Комиссар ловит себя на том, что произнес это слово, как тот, кто знает, о чем говорит. Профессор, впрочем, не обратил на это внимания. Он слишком увлечен ходом собственной мысли.
— Полагаю, что так… Технической, безличной — называйте как хотите… Он восстанавливал свои права на Вселенную, понимаете?
— Чего ж не понять.
Тисон и в самом деле понимает. Произошло это сравнительно недавно. Расстояния сокращаются удивительным образом, думает он. Удивительным и даже пугающим. Как там сказал профессор? Ах да, вспомнил! Бунтарство. Застарелая обида. Мировоззрение должно совпасть с истиной Природы. Условие человеческого бытия — с условием существования Вселенной. Муравьи под подошвой сапога некоего жестокого бога, равнодушного ко всему. Карающая десница. Бич из плетеной проволоки.

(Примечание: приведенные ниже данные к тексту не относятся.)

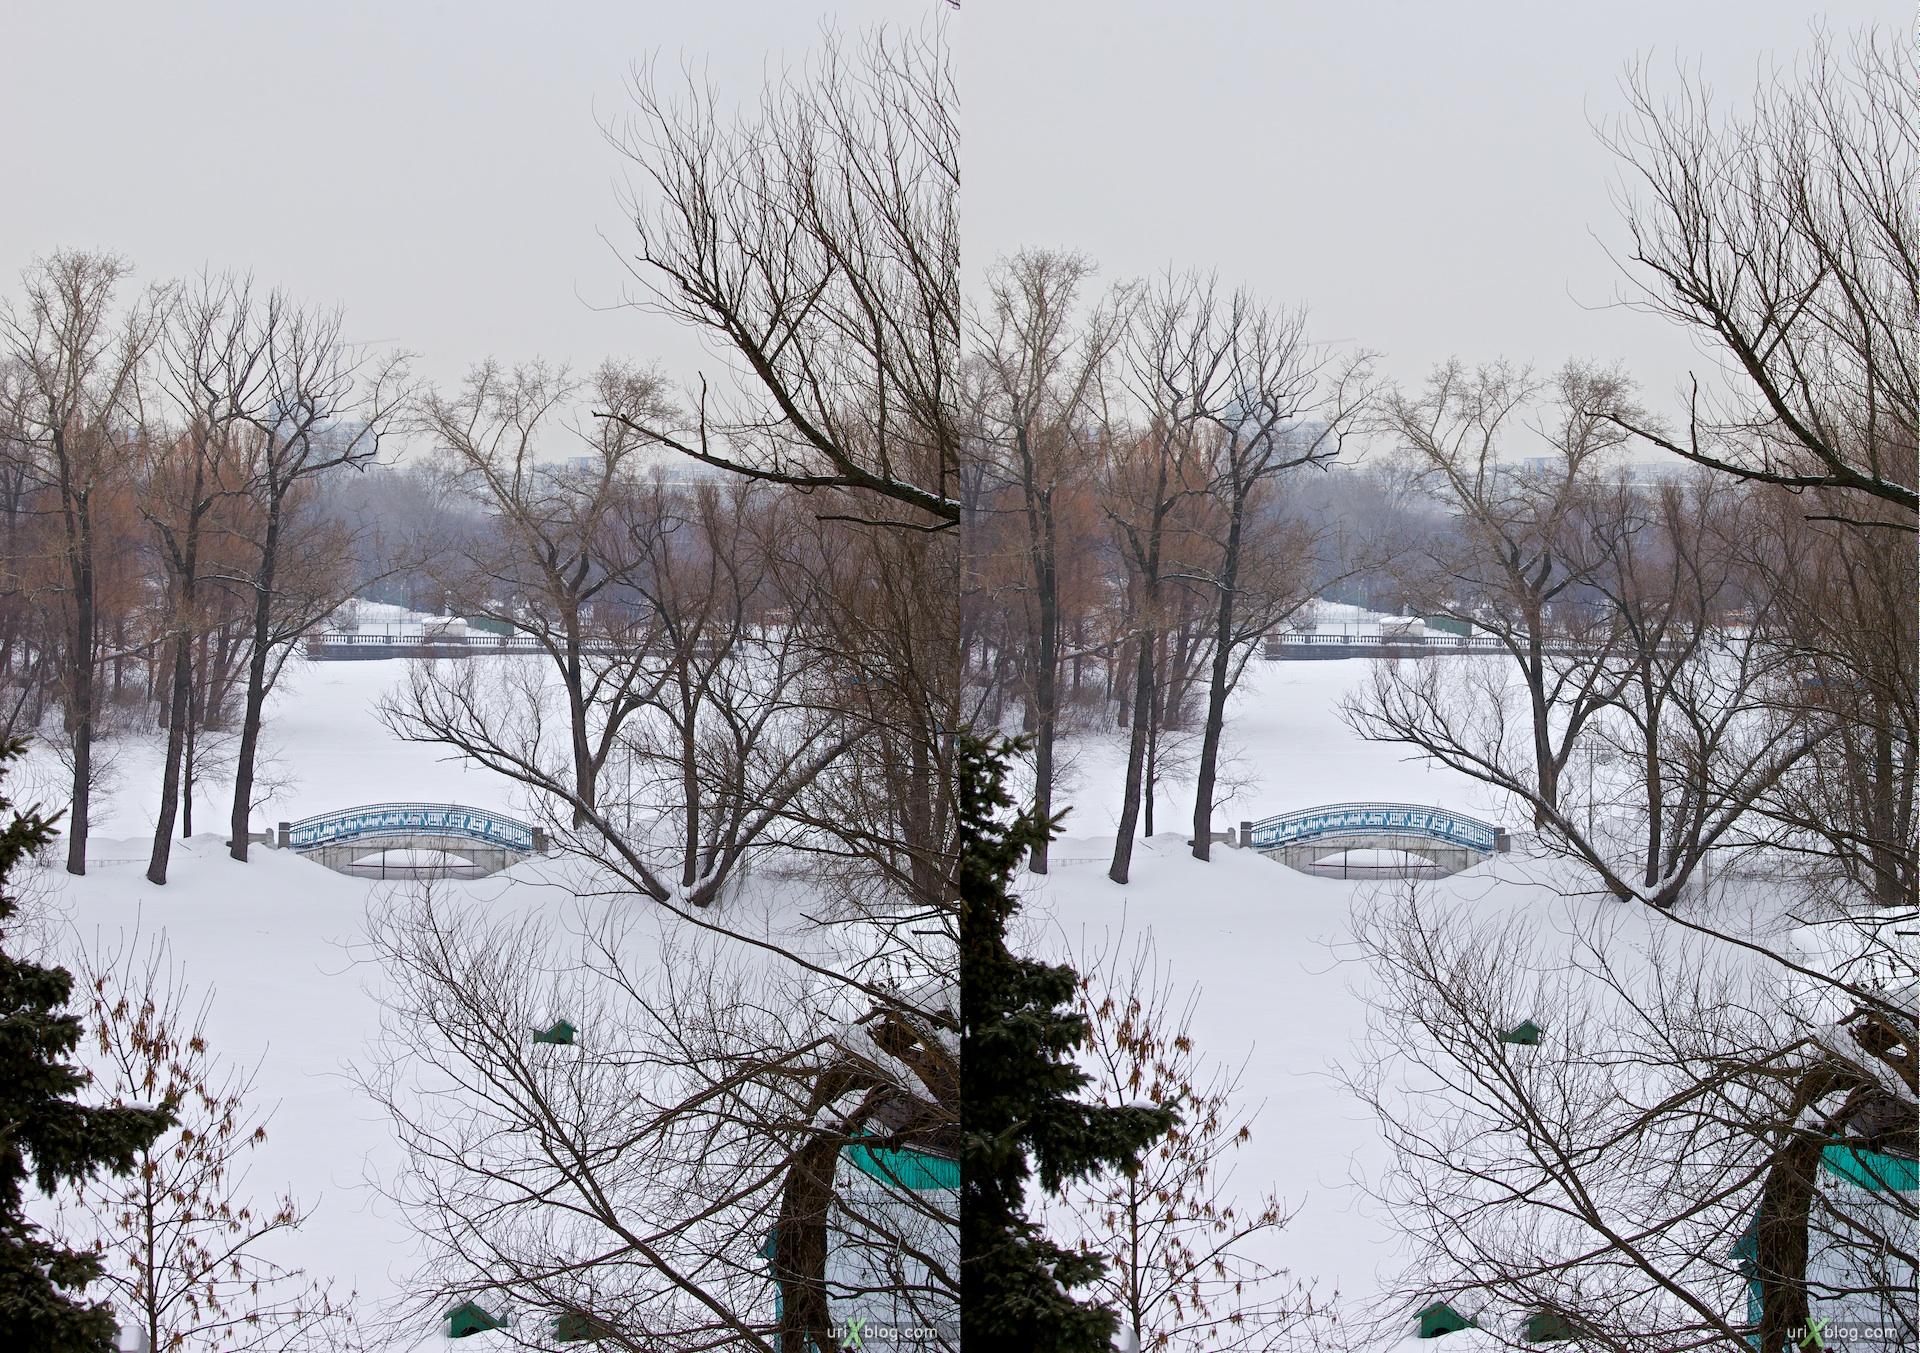 2010 3D, stereo, cross-eyed, стерео, стереопара Москва Андреевский мост парк Горького

— Он думал, что упорядочит хаос, — говорит между тем Барруль, — тем, что сведет страдание к простым законам природы. В совершенстве зная Кадис, он видел там и сям никому, кроме него самого, не видимые, особо чувствительные… точки ли… узлы… Допускаю, что не последнюю роль в этом сыграло его профессиональное обоняние, позволявшее ему по-особенному воспринимать воздух, запахи… Но я спрашиваю себя: а что, если эти точки становились целями для французских бомб под воздействием, например, направления ветров и их схождения? И он — точно так же, как и вы впоследствии — изучил, обследовал зоны поражения, места разрывов. И создал умопостигаемую карту города и на ней отметил эти места и определил вероятности. И раскрасил ее мысленно в разные цвета, обозначавшие большую или меньшую вероятность… И благодаря математическому складу своего ума он сумел проанализировать эту территорию и увидеть кривые, параболы, траектории. Определить пустоты, которые должны быть заполнены. И когда дошел до этого, назад ему дороги уже не было. Ибо это не случайность, но — вероятность. Это — чистая математика. Все выверено безошибочно…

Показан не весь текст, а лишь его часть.